Sports Programming Adds Power to Carriage-Fee Demands
Andrew Shapiro, formerly with CBS Corp., analyzes the value of sports programming. A graduate of the Benjamin N. Cardozo School of Law and a member of the New York State Bar, he may be reached at [email protected].
Just a month into the New Year, the once mainly private battles between networks and cable operators over carriage fees have erupted into front-page news. As the calendar turned to 2010, no fewer than three major carriage disputes raged, capturing the attention of industry insiders and viewers alike. Coming out of these battles: the irrevocable truth that live sports programming can drive retransmission-consent negotiations and help networks achieve the carriage fees they desire.
Of the recent carriage-fee disputes, it was the one between Fox and Time Warner Cable that garnered the largest headlines. And of all the possible ramifications that could have sprung from this dispute, it was the threat of Fox’s pulling its broadcast signal in advance of the Jan. 1 Sugar Bowl matchup between #3 Florida and #5 Cincinnati that inspired instant panic.
The threat of losing this single live sporting event led to a Representative’s calling for a “cooling-off period,” a suggestion from a Senator that the two parties enter into binding arbitration, a request from the FCC chairman that the parties agree to a temporary extension, and the filing of a petition for a temporary injunction from two University of Florida alums that argued that, if the game was pulled, the two men could “never be made whole.”
The threat of losing the Sugar Bowl, as well as the NFL playoffs, was perhaps the leverage that Fox needed in reaching its eventual pact with Time Warner Cable. Reports vary, but, while Fox may have missed its $1-per-subscriber goal, it does seem that the broadcaster may have set a new industry standard, higher than the 50¢ CBS had been receiving.
As the economy continues to struggle, and advertising revenues along with it, broadcasters must increasingly rely on carriage fees, as their cable-network counterparts do.
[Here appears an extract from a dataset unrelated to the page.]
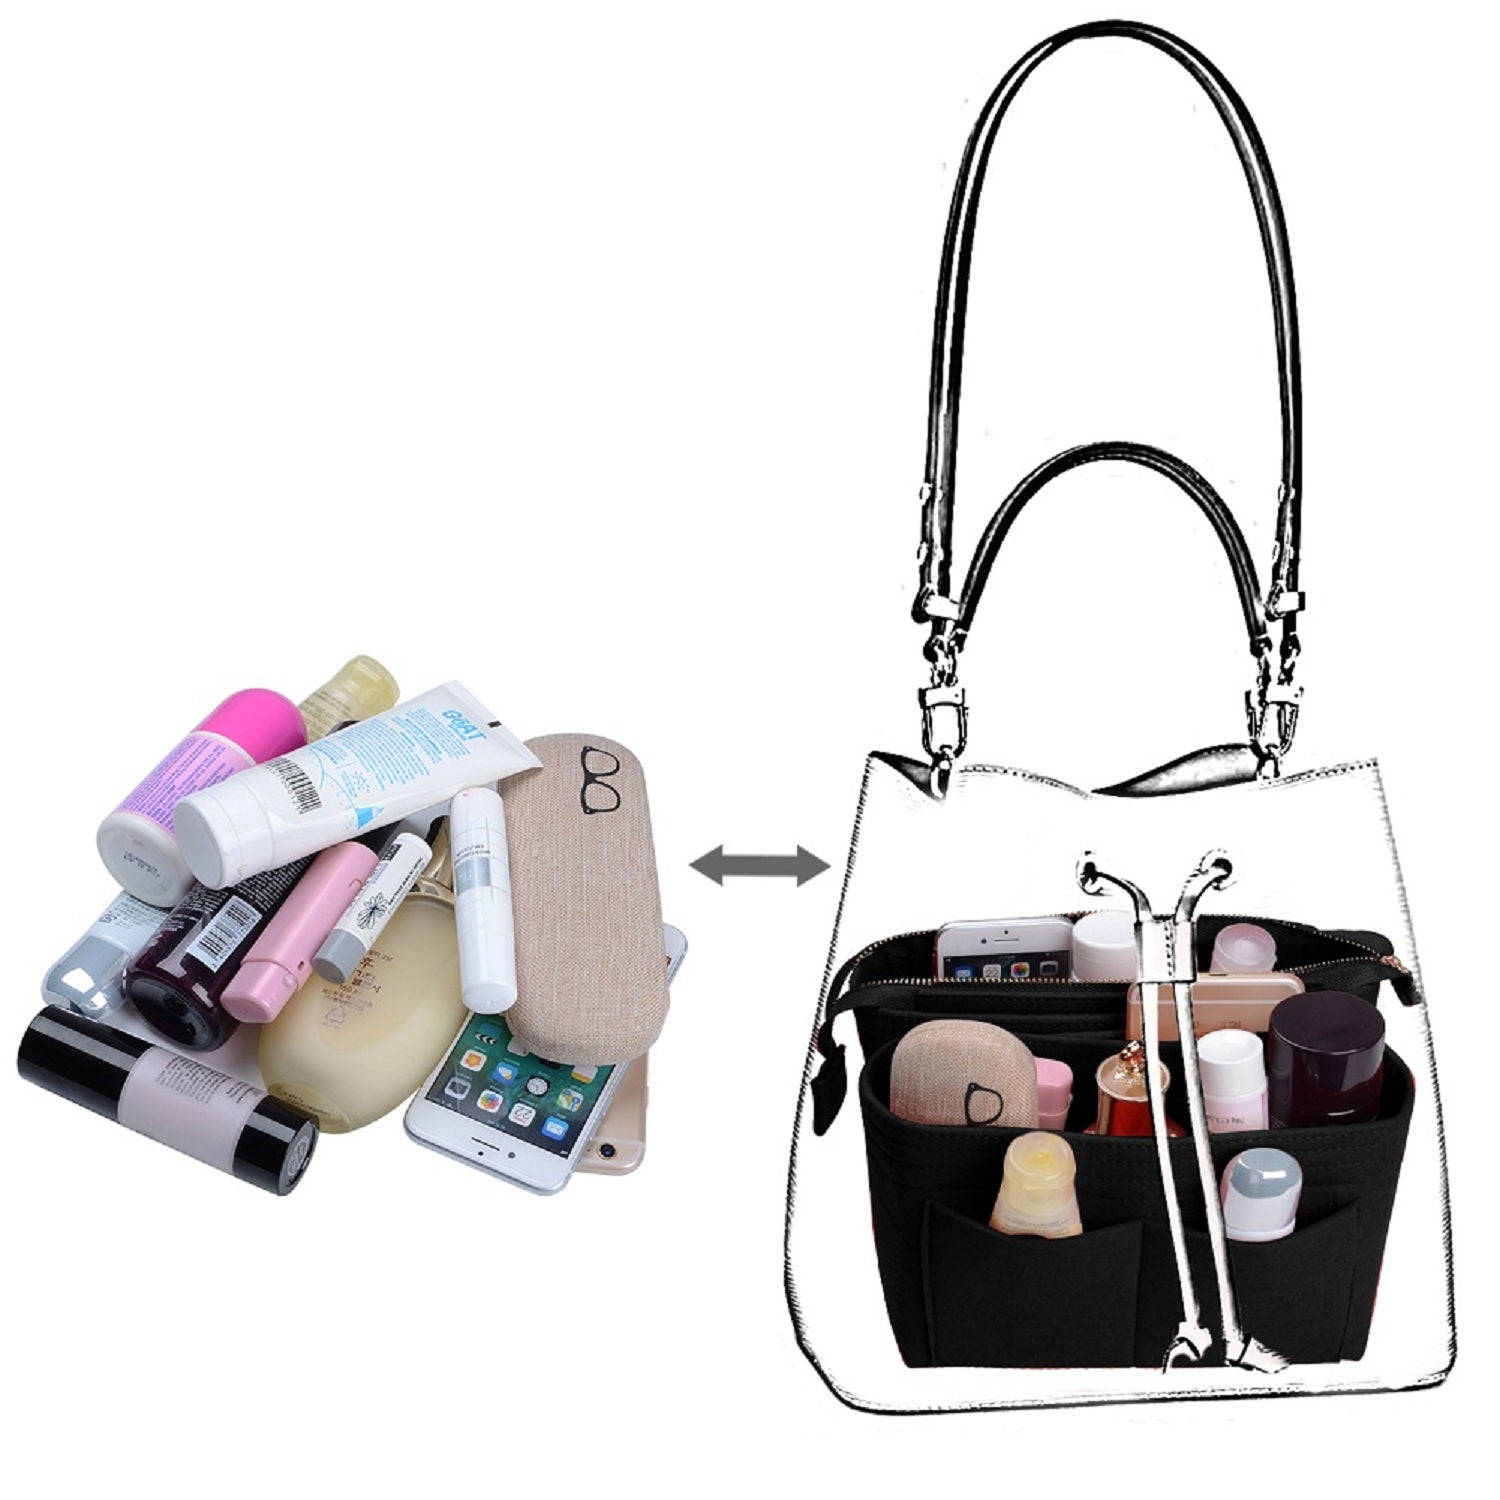 Purse Organizer, Bag in Ba Perfectly Structured Purse Organizer: Bag in Bag Organizer with Two Packs in One Set for LV NeoNoe Noé Seriesg Organizer With 2 Packs In One Set For LV NeoNoe Noé Series perfectly

Accordingly, the value of sports programming must be calculated not just in terms of the ad revenues it can generate but also in terms of its effect on carriage fees and leverage potential.
To understand the value of sports programming, consider the ongoing discord between Scripps and Cablevision. Scripps’s networks, despite an incredibly loyal audience, were off Cablevision’s lineup for almost a month, with the service provider refusing to increase the 25¢ fee it paid for the tandem of Food Network and HGTV (versus the $3-plus it surely hands over for ESPN). Cablevision has been able to dig in as it would not be able to do with a network that had the option of keeping live sports off the air.
Still, a classic chicken-and-egg scenario is manifesting itself in broadcast television’s acquisition of sports-programming rights. Broadcasters need sports programming to demand higher carriage fees, but, at the same time, they need higher carriage fees to be able to outbid their cable rivals for the content. Traditional broadcasters, which derive the vast majority of their revenue from advertising, are rapidly falling behind ESPN and other cable entities.
Most notably, this past year, ESPN outbid Fox by $100 million for the rights to carry college football’s Bowl Championship Series for the 2011-14 period. The sports network was able to do this because of the extraordinary revenue it collects through carriage fees, estimated by SNL Kagan to average $3.65 a month per subscriber. ESPN acknowledged that the bid was based on calculations looking beyond potential ad revenue.
As traditional broadcasters turn more and more to carriage fees as a revenue source, they must do the same. ESPN, like Turner and other cable networks, is already using the advantage of its higher carriage-fee revenues to acquire sports content. Both the NBA and MLB have moved post-season games (though not the Finals or World Series) to Turner Networks, and ESPN has voiced its desire to acquire Olympic rights for 2014 and 2016.
With NBC having already announced that it expects to lose $250 million on the upcoming Winter Olympics because of lower than expected ad sales, traditional broadcasters are at a crossroads. At a time when sports leagues and organizations are increasingly comfortable with moving their content to cable, broadcasters must decide whether they are willing to spend more on sports rights than they can hope to recoup with ad revenues alone.
Perhaps one solution for broadcasters is to team up with cable networks in the acquisition of sports rights. Disney has long taken advantage of its tandem of ESPN and ABC, using the cable network to justify the costs of rights while using the broadcaster to provide a broader distribution platform. The proposed joint bid between CBS and TBS for the rights to the NCAA Basketball Tournament and possibly to the Olympics follows this pattern. Their compact, though, seems to be solely for the purpose of spreading the costs: under it, the finals will alternate between CBS and TBS, meaning that CBS will not be used for broader distribution.
Regardless, with carriage fees established as a valid and growing source of revenue, it is clear that broadcasters should look past ad sales as a justification for sports-rights procurement. They must continue to make strong investments in sports programming, aiming to make up any deficiencies in ad sales through increased carriage fees in the future. Otherwise, they risk losing sports programming to cable — and, with it, the foothold they have barely established in terms of demanding carriage fees.